# baffle for Oklahoma Joe Highland smoker



## mosaicsmoker

Has anyone used the following tuning/convestion plate http://www.horizonbbqsmokersstore.com/servlet/the-418/Convection-Plate--dsh--For/Detail for the OKJ Highland smoker?  It seems very expensive, esp. with shipping on the big hunk of metal, but I don't have access to metal working equipment to make my own so I'd like to hear from current users before plunking down half the cost of the smoker for a convection plate.  My wife got tired of waiting for our son to finish the UDS smoker he started 2 years ago and bought the OKJ at Wally World and I'm trying to figure out how to improve it.

Thanks in advance,

Keith


----------



## oldschoolbbq

I understand unfinished promises . I have a smaller pit that I baffeled .  I used a light piece of Stainless I found at the scrapyard.

If you are not able ( as am I now ), see if a neighbor could help you and maybe they would get the bug too. You could Smoke together .

Your straight answer , I don't have an OKJ . Someone with one will be by later.

Enjoy your new Toy , and  . . .


----------



## buttburner

I had an OK Joe Longhorn and what I did was make tuning plates. They are just 6" wide pieces of steel that lay across the bottom of the smoke chamber. I think they were 18" wide

I sold that pit so I cant measure them.

But they worked real well. just keep a slot open between them for air flow, you don't need to drill a bunch of holes in them

I have pics of my plates here someplace

thanks


----------



## mosaicsmoker

Thanks, all.  I found some 2" wide plain steel strips at a recycler, will cut them to 16" length & arrange to tune the smoke.  lots cheaper than the pre-made plate & more adjustable. Plan to smoke some chickens Sunday as a learning experience for the 1st use of this smoker after seasoning.


----------



## buttburner

MosaicSmoker said:


> Thanks, all.  I found some 2" wide plain steel strips at a recycler, will cut them to 16" length & arrange to tune the smoke.  lots cheaper than the pre-made plate & more adjustable. Plan to smoke some chickens Sunday as a learning experience for the 1st use of this smoker after seasoning.
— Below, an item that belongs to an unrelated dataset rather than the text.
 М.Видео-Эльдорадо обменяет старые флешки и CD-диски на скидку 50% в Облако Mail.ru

one tip I have so you are not chasing your tail

once you place them, allow plenty of time for the heat to settle before moving them

If you don't you will be very very frustrated.


----------



## mosaicsmoker

My wife is adamant that the smoker is HER smoker since she bought it when my son and I were taking too long to make a UDS.  She's a PhD chemist so her smoking will proceed with full experimental protocols.  She smoked a couple chickens for her first try and left out the tuning plates to establish a baseline.  The next attempt is going to be ribs with the tuning plates inserted and their locations carefully diagrammed in her smoking lab notebook.  She's now on my case to hurry up and complete the multi-probe temperature recorder I'm building using a Raspberry Pi microcomputer so she can plot temps at several locations for various tuning plate arrangements.  Given the history with the smoker I'd better work on it this afternoon before she goes out and buys a commercial system!
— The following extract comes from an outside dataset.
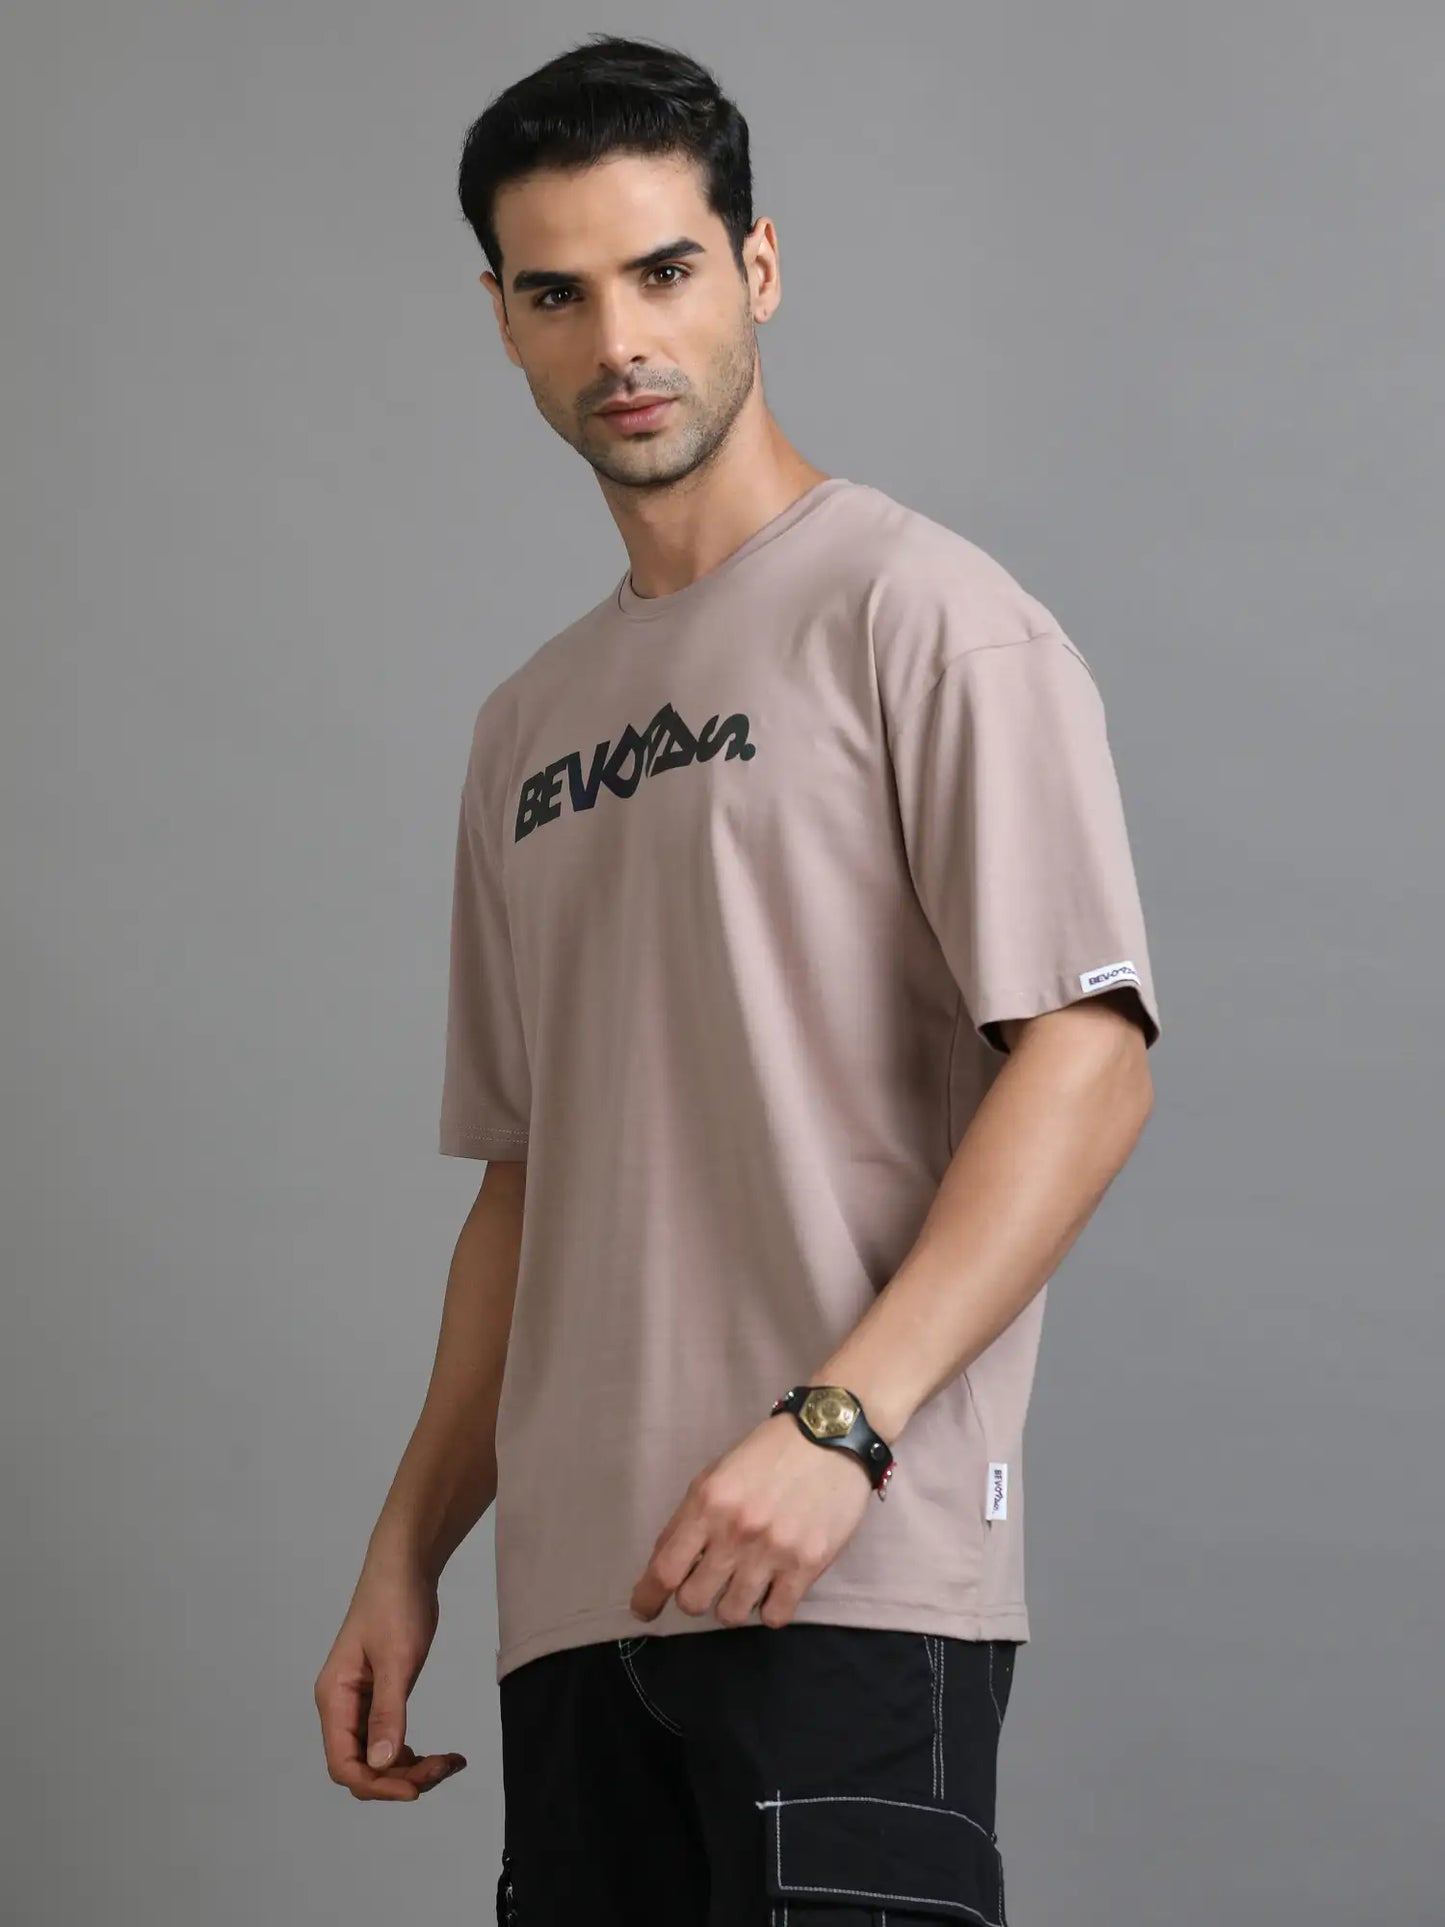 Brown Drop Shoulder T Shirt for Men

The chickens turned out great, although without the tuning strips she had to move the chickens around a good bit to account for uneven temps in the smoking compartment and finished them in the oven to crisp the skins.


----------



## perly58

I'm looking to mod a OKJ Highland, anyone have tuning plates in there's and care to share the cut sizes to help me out.


----------



## wolfman1955

Perly58 said:


> I'm looking to mod a OKJ Highland, anyone have tuning plates in there's and care to share the cut sizes to help me out.


Bump!!!


----------



## stevensondrive

Perly58 said:


> I'm looking to mod a OKJ Highland, anyone have tuning plates in there's and care to share the cut sizes to help me out.
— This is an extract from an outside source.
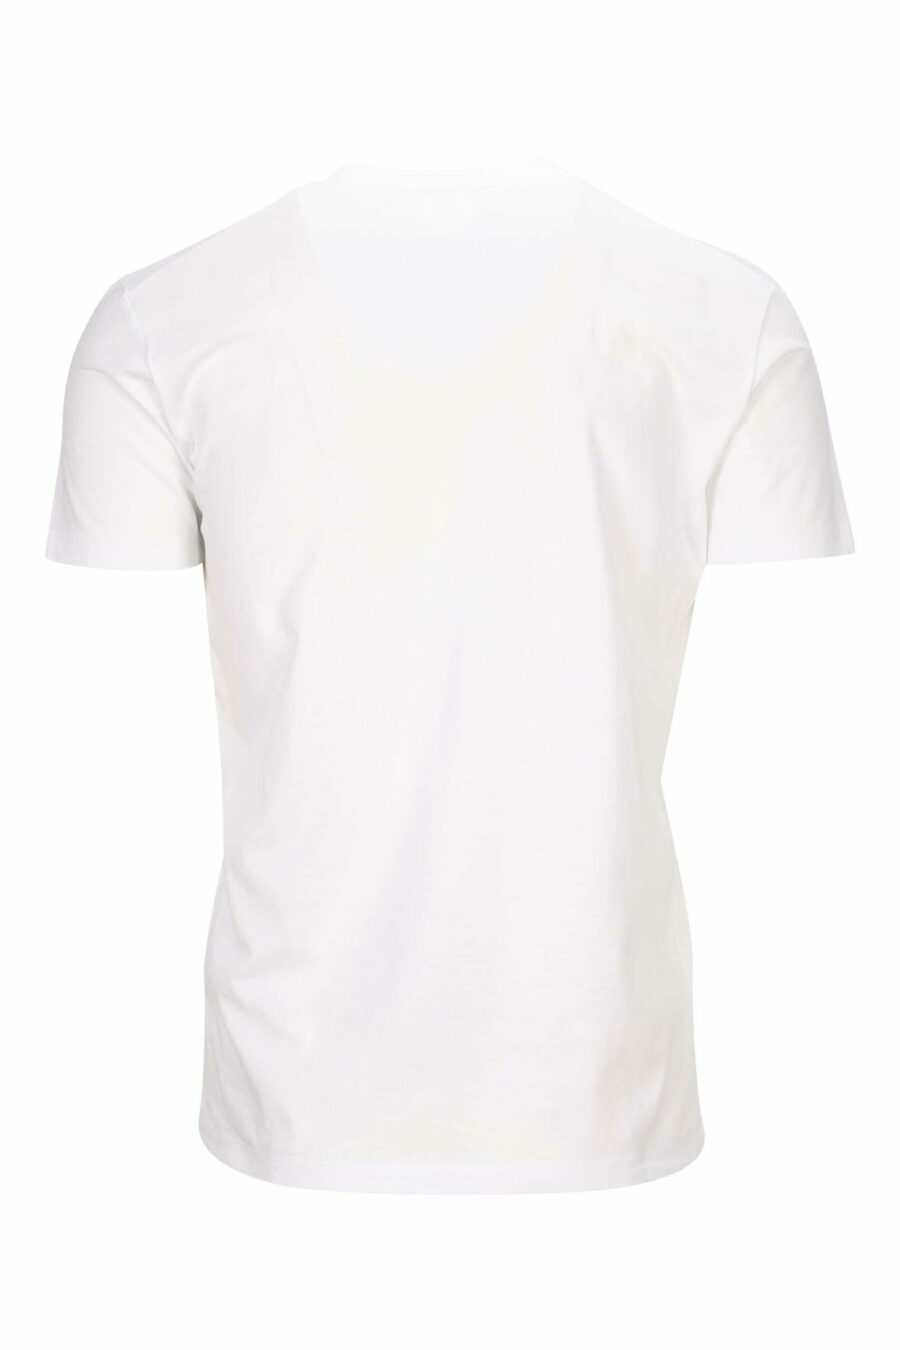 Camiseta blanca con maxilogo "icon" garabatos - 8054148362829 1 scaled

Great question.  Anyone have suggestions?


----------



## mike3ga88

I made my own plate that is similar to the horizon. Got a friend at church that gave me the steel, had him cut it at 16x32 and it's 1/8". I got 2 step up bits and measured out my grid and drilled the holes, that was no fun lol. When I fired up the smoker I was still off by up to 40 degrees from end to end, I covered the first row of holes closest to firebox with foil and it put my temps within 10 degrees end to end. I started with 3/8" holes and went up to 1 1/8"













IMG_2413.JPG



__ mike3ga88
__ Oct 11, 2016


----------



## bl0wingsm0ke

Trying to bump this old thread instead of starting a new one.  Going to do multiple plates.  Should they be 16x6 or 18x6?  Also 1/8" thick or 1/4"?


----------



## wichita chief

Here's the plate I used in my Longhorn. It's for a Yoder Wichita. I also blocked down the gigantic opening between the firebox and smoking chamber to make it the size the build calculator calls for. I used some steel to fill it and direct the heat under my heat management plate. I block the small gaps on each side of the block off with foil bunched up. This helped me a lot.


----------



## bl0wingsm0ke

Thank you.  That looks great.


----------